Yes, there's so much we don't
understand about life and death,
but it's soooo painful to lose
a loved one.
Your blog touched my soul. I lost my father 7 year back and never felt same since.
It doesn't matter if you believe or not... it's always hard to loose a parent. (to loose anyone, but a parent most of all). I don't think one ever looses the need for the parent to be there for us no matter how old we get.
Sorry for your loss...
thank you for coming to my journal, however I stopped putting the memes on that journal because no one seemed to find them !! Now the journal I have is my original one: http://herethereandeverywhere2ndedition.blogspot.com/
I haven't seen a good meme going around lately though.
This made me actually cry.

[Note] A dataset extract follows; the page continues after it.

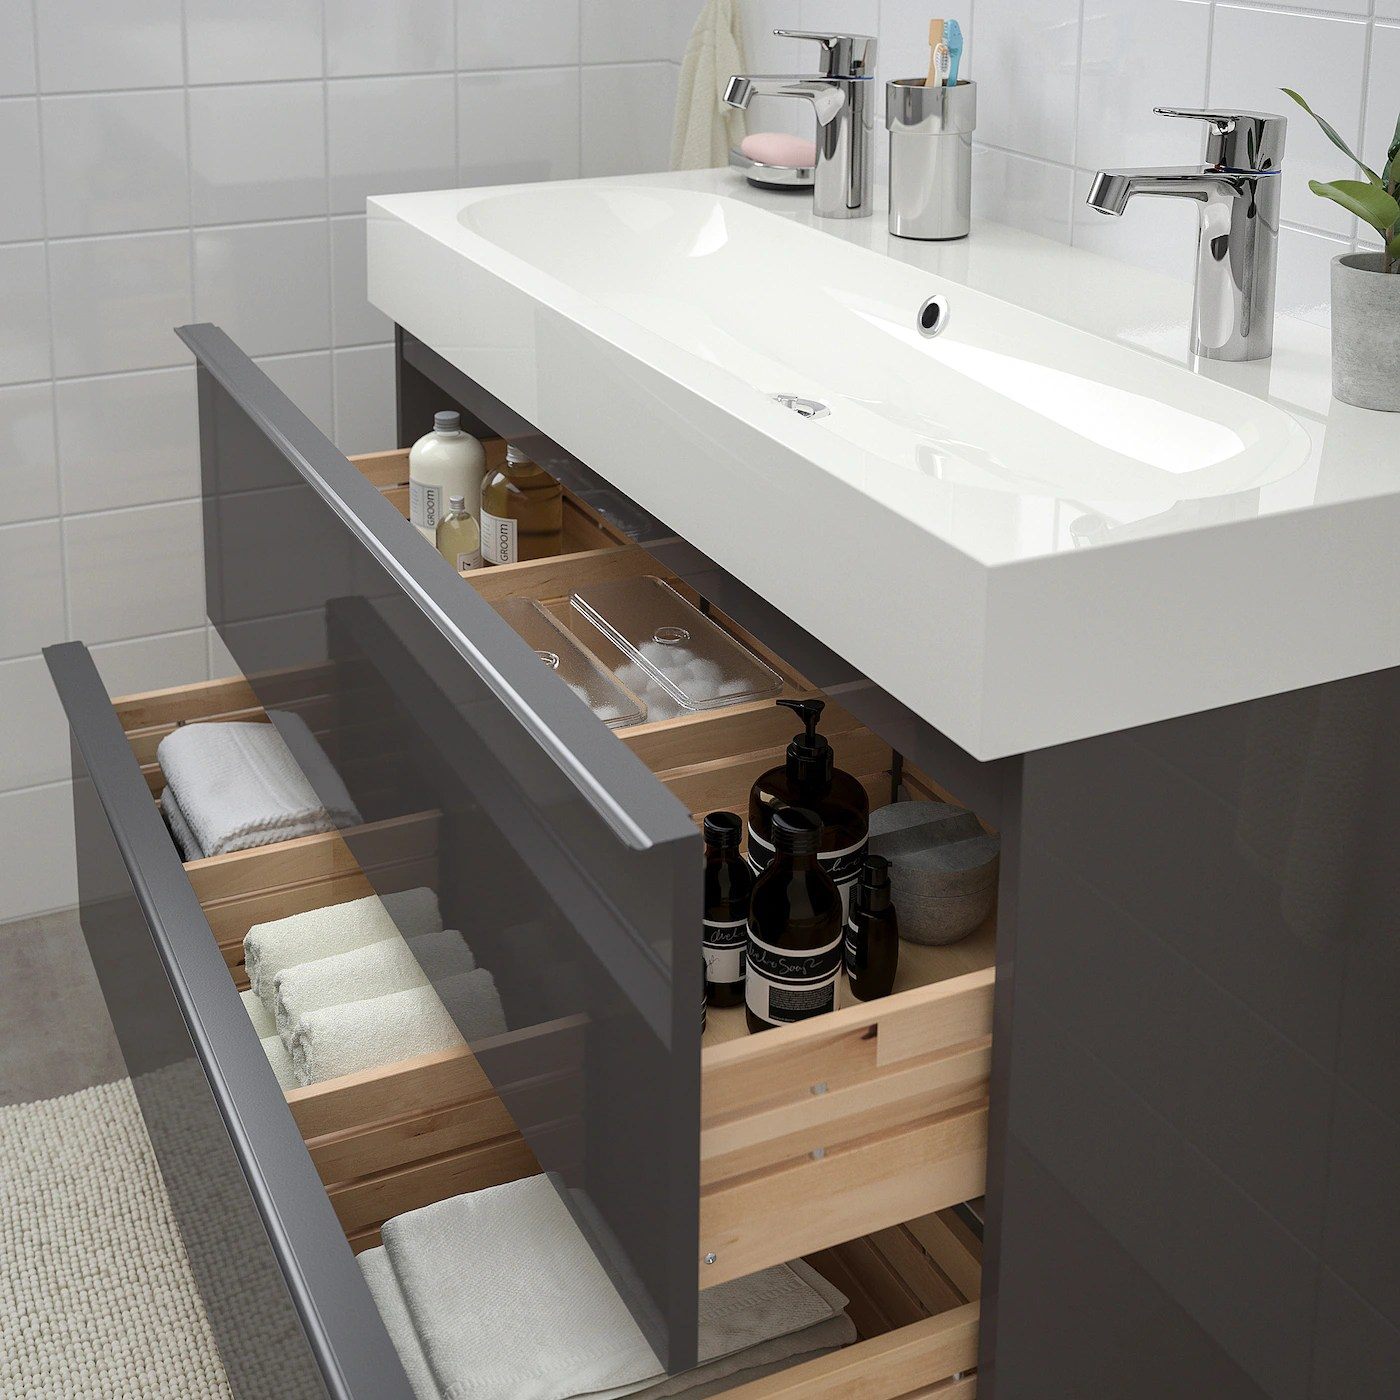 godmorgon braviken sink cabinet with 2 drawers high gloss gray brogrund faucet 39 3 8x18 7 8x26 3 4

It was the part about your Dad's hands. Wow. A powerful piece. I feel I don't have any answers for myself either on these questions. But I hope you find some comfort. I am sorry about your losses.
Lisa
How beautifully you have written your thoughts. I have lost both my father and my son and hope they are together somewhere. It all is a great mystery, one we will have to wait to find out about.
Thank you for stopping by Keewee's Corner.

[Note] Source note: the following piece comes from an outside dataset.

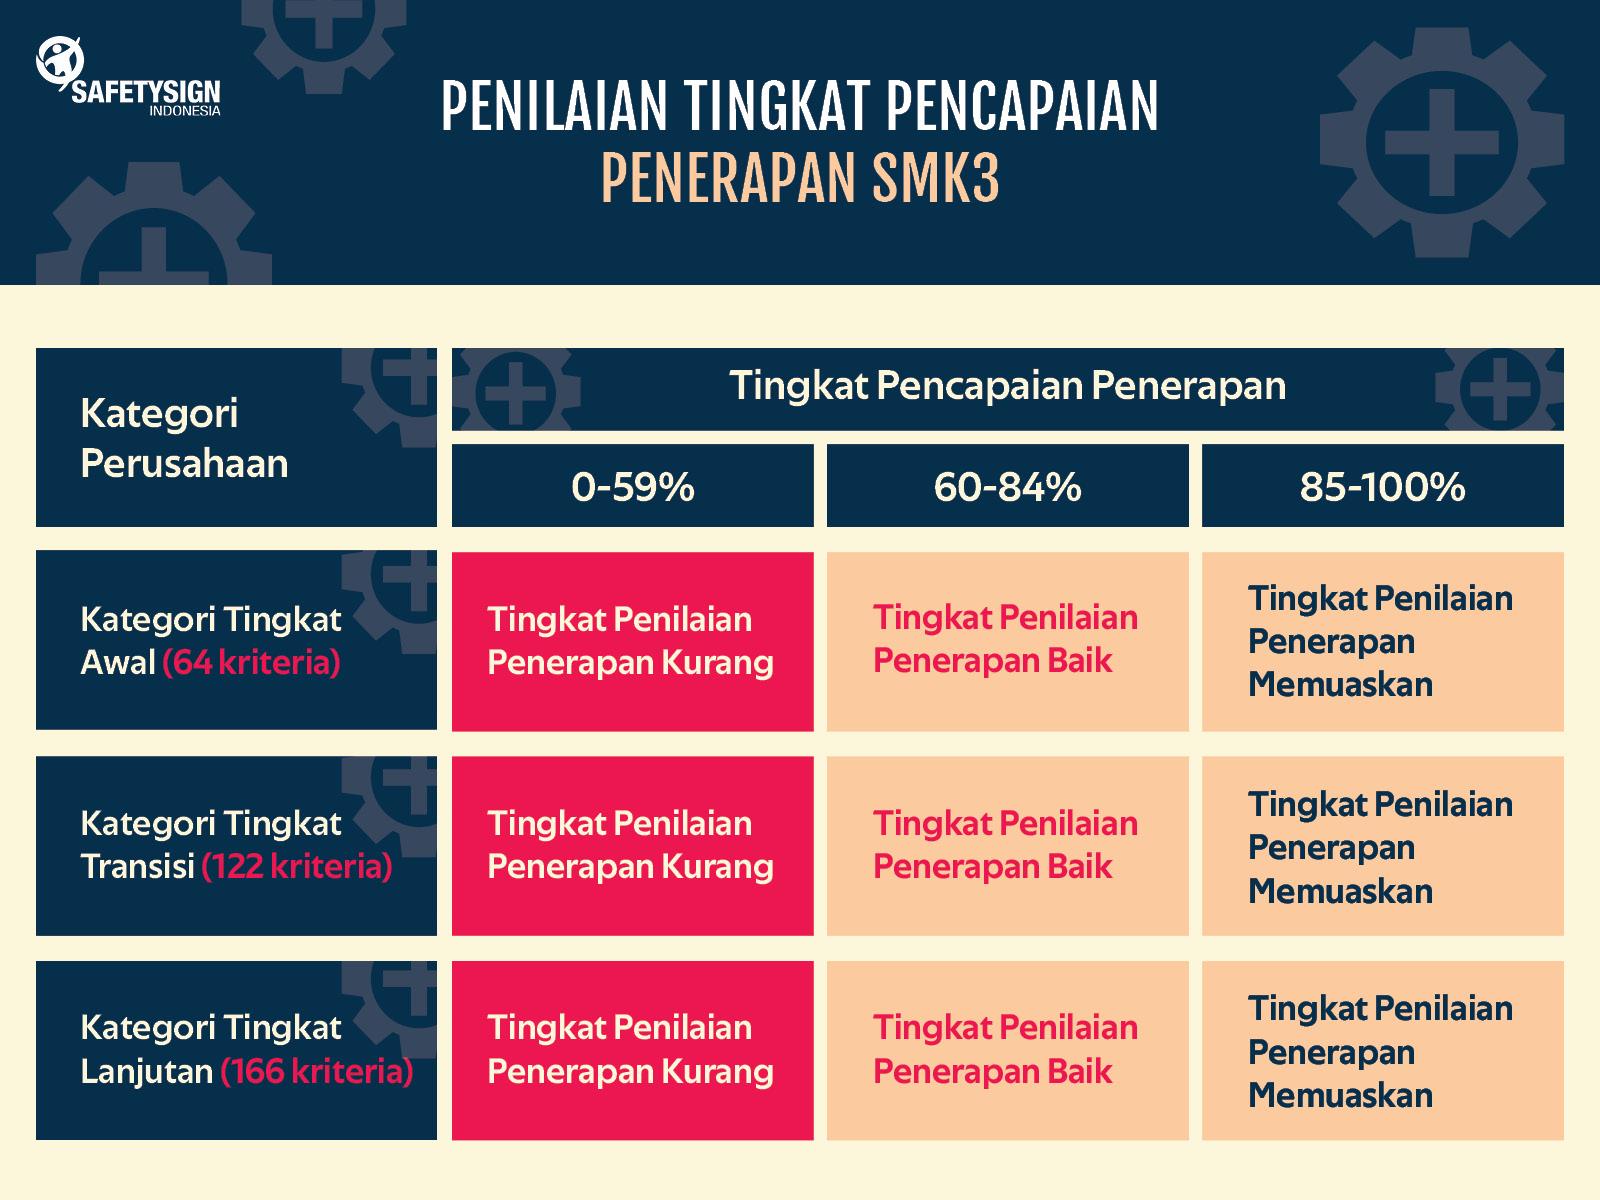 4 Poin Penting Audit Eksternal Smk3 Bagaimana Menurut Regulasi Safety Sign Indonesia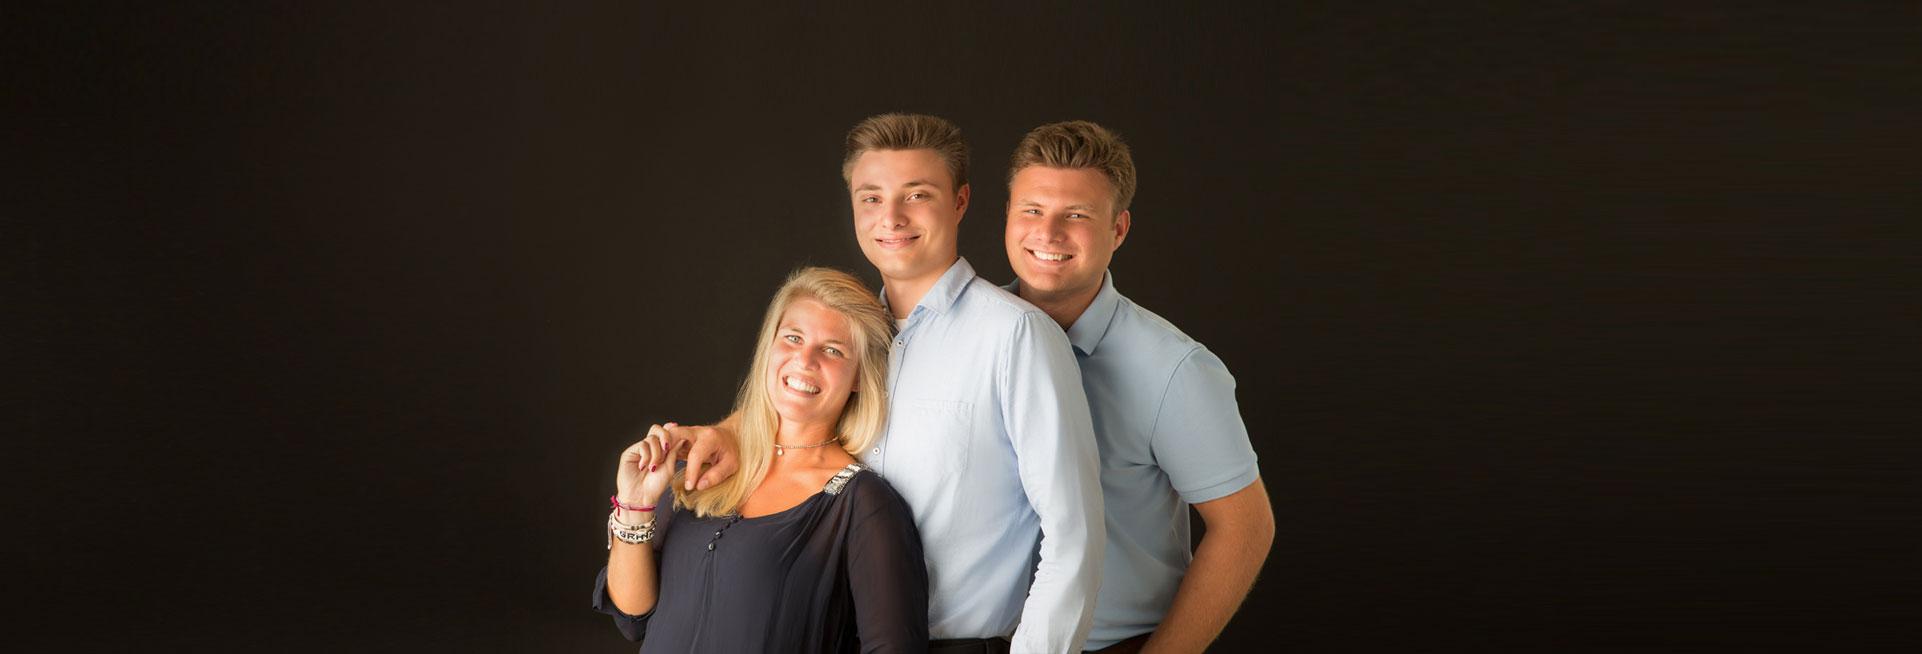 Familienfotos Eltern-Kind-Fotos Generationenfotos Fotograf Hannover

your story is very touching... it moved me. though my parents splited up, its worst if one is lost. be strong and god bless you
I ask the same thing about my sister all the time. I call to her for answers and hope to get just a little glimpse.
We can only hope and pray that one day we will be reunited with our loved ones and just the thought of that not happening should force us to appreciate and enjoy them while we are together in this place......
Beautiful.
This is my first visit, and the first post that I've read of yours, and I must say that you write beautifully. With that said, the subject matter of this post is quite interesting, and I agree with you as far as not believing the various myths that religions puts forth regarding afterlives. I believe as my dad did that when you're dead, you're dead. We are the only animals on earth that know that we are going to die, and for most people including myself it can be a scary proposition, and to believe that we live on in some sort of afterlife can be very comforting. But in the end, I believe we pass into the same state as before we were born, that of nonexistence. With that mindset, it makes me realize that my life here on earth is quite precious and not to be squandered. It is all that I have.
You wrote so honestly about a very painful situation and I agree with previous poster (postee?) that you raised interesting questions.
Sad but very beautiful. Thank you for sharing your journey. fc
Oh, ~V~, I knew the anniversary was coming close. Your entry is a tribute that goes a lot deeper than even tears or all the platitudes people always say or think of.
I'm here if you need to talk, you know I've walked this path before with my mother and sister...you know I'm always here to listen. Come to tea, to talk or not talk, to just be...
~Y~
My condolences, however, they have gone to a better place, without pain, where it is so peaceful you can't imagine. If you got a minute read my story.
http://myothergeminiself.blogspot.com/2006/05/it-happened-march-8th-2002.html
Wow ...thank you all so much for your comments and kind words. I know this is part of life--something we all go through--and we all deal with it in our own way. I want you to know that I truly appreciate your insights ... ~v
Beautiful post, Bibi. I've been back three times now. It's a wonderful reminder of what's important!
Whereever he is, just believe that he loves you.
Thank you Andrea ... and Charles. I appreciate your sentiment.